Relations With China Are Not Improving
It was a winter of discontent for Washington and Beijing. U.S. arms sales to Taiwan, presidential meetings with the Dalai Lama, trade skirmishes on chicken and steel, and even Uighurs freed from Guantánamo drove the two capitals apart over the past several months. But events in the past few days suggest a springtime thaw. Chinese leaders have capitulated to a variety of U.S. requests: they've agreed to consider sanctions on Iran, talked up revaluing their currency, and even loosened restrictions on foreign business in the Middle Kingdom. The Obama administration has been loudly tooting its own diplomatic horn in the wake of these "concessions," touting "unity" between the two nations that together will, as President Obama put it last year, "reshape the 21st century."
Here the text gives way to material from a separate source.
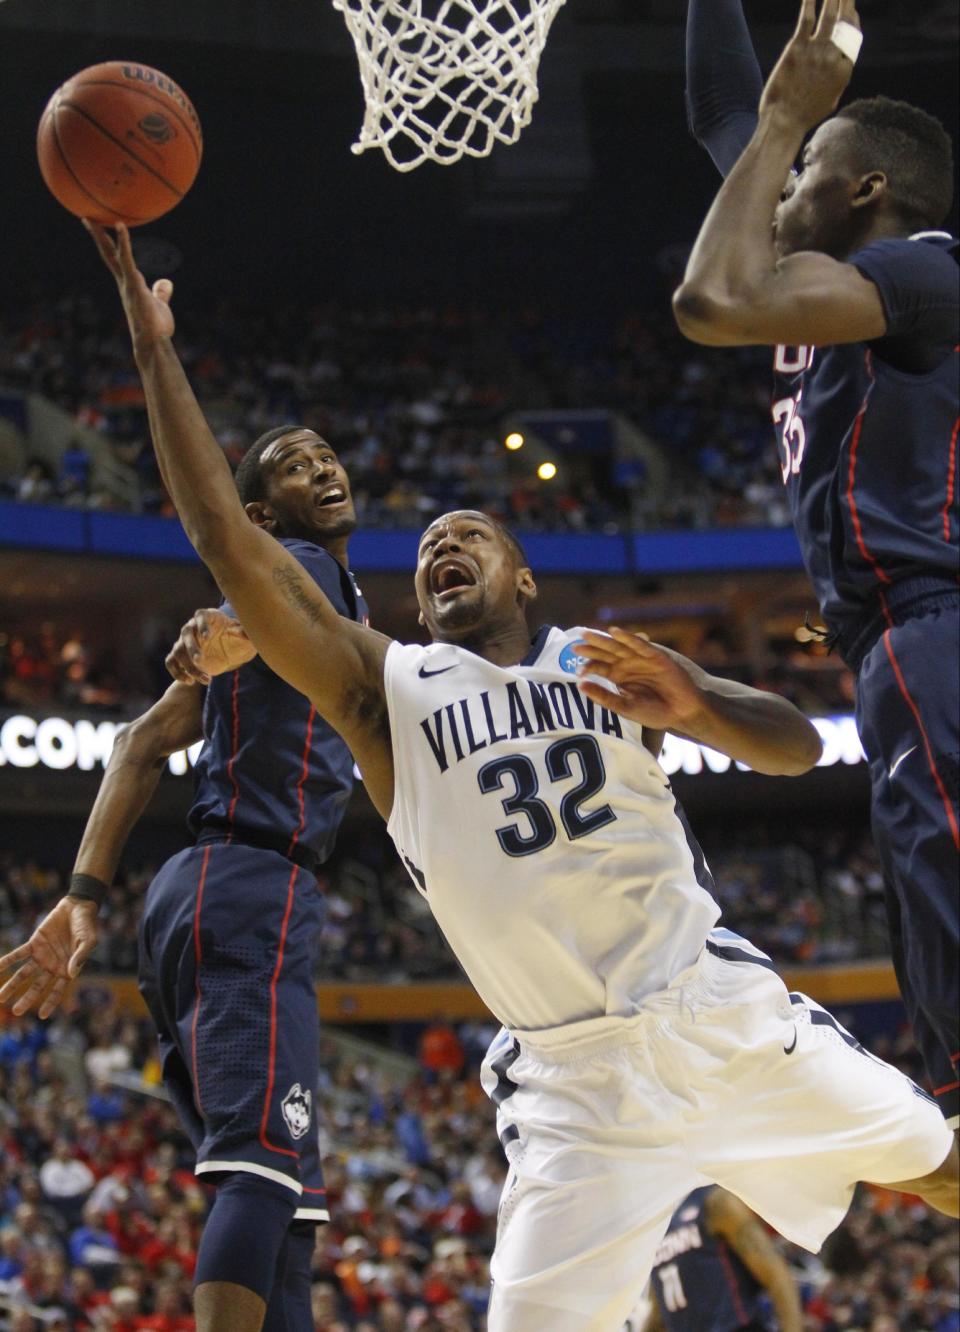 Villanova's James Bell (32) drives past Connecticut's Amida Brimah (35) during the first half of a third-round game in the NCAA men's college basketball tournament in Buffalo, N.Y., Saturday, March 22, 2014. (AP Photo/Bill Wippert)

Not so fast. On issues ranging from security to the economy, it's way too early to declare a new era of cooperation and unity. Even on issues where both nations profess agreement, nothing, fundamentally, has changed in Beijing—or Washington. Let's review the evidence:
1. Nukes . China (along with Russia) has been holding out on sanctions against Iran for some time, in large part because it does billions of dollars' worth of energy deals with Tehran and needs the relationship for its own energy security. While Washington heralded a major breakthrough on this front last week when China agreed to "consider" drafting sanctions, the message the Chinese delivered to the audience back home was much more muted, as diplomats reasserted that they didn't actually believe sanctions would do any good. "Actually, there is no difference between China's current position and the position we have always stood by," said Vice Foreign Minister Cui Tiankai in a press conference after the nuclear summit in D.C. last week.
2. Currency . The U.S. has been pressing hard for a revaluation of the yuan, with cheap Chinese goods and Beijing's T-bill horde seen as one of the key reasons for American unemployment and economic troubles. But with tensions boiling over, Treasury decided to delay a report that may name and shame China as a currency "manipulator" until next month. In return, Chinese president Hu Jintao reasserted his commitment to currency reform. Markets didn't buy the Kabuki theater, and economists last week lowered expectations for a significant revaluation, with most now betting on only a minor adjustment in the middle of the year.
3. Unfair treatment of foreign businesses . A new survey from the American Chamber of Commerce in China puts the percentage of U.S. companies who feel "unwelcome" in China at 38 percent, up from 15 percent in 2008. In response, Beijing softened some of the rules around foreign direct investment (FDI) late last week, making it easier for outside firms to get in on the lucrative clean-energy and high-tech fields. But as Global Insight analyst Xianfang Ren points out, "the overall FDI policy is still in line with a framework laid down in 2007—a plan which marked a sharp turnaround of China's FDI policy stance from unconditionally supportive to more selective and regulated."
No wonder. Over the past two years, in the wake of the financial crisis (which China sailed through, maintaining 8 percent economic growth), the Middle Kingdom—now the world's second-largest economy—has acquired a weight in the world that means it can simply say "no" to people, companies, and ideas that it doesn't like. And increasingly, it will. From climate change and energy politics to financial reform, Beijing has its own agenda and is unlikely to truly capitulate when it believes that its own best interests are in conflict with the agenda of the West.
Indeed, winter is coming again, and sooner than we might think, especially when it comes to economic sparring between the superpowers. Currency manipulation will once again be the focus. "It's not like 2005, when a small move [on currency] is enough to get the Americans focused on other issues," says Eurasia Group head Ian Bremmer. "Against the backdrop of a vastly different economic climate, China is becoming the issue for American labor … and the private sector." Look for Congress to push harder on the currency issue before the fall elections, which could result in a new round of trade tensions—and serious diplomatic problems for the president. Last year, more people globally viewed China as a positive force in the world than the U.S., according to a poll carried out every year by the BBC World Service. This year, the tables are turned, in large part thanks to the "Obama effect." Still, it's doubtful that such soft power will be able to reshape the hard and increasingly contentious realities of the world's most important relationship.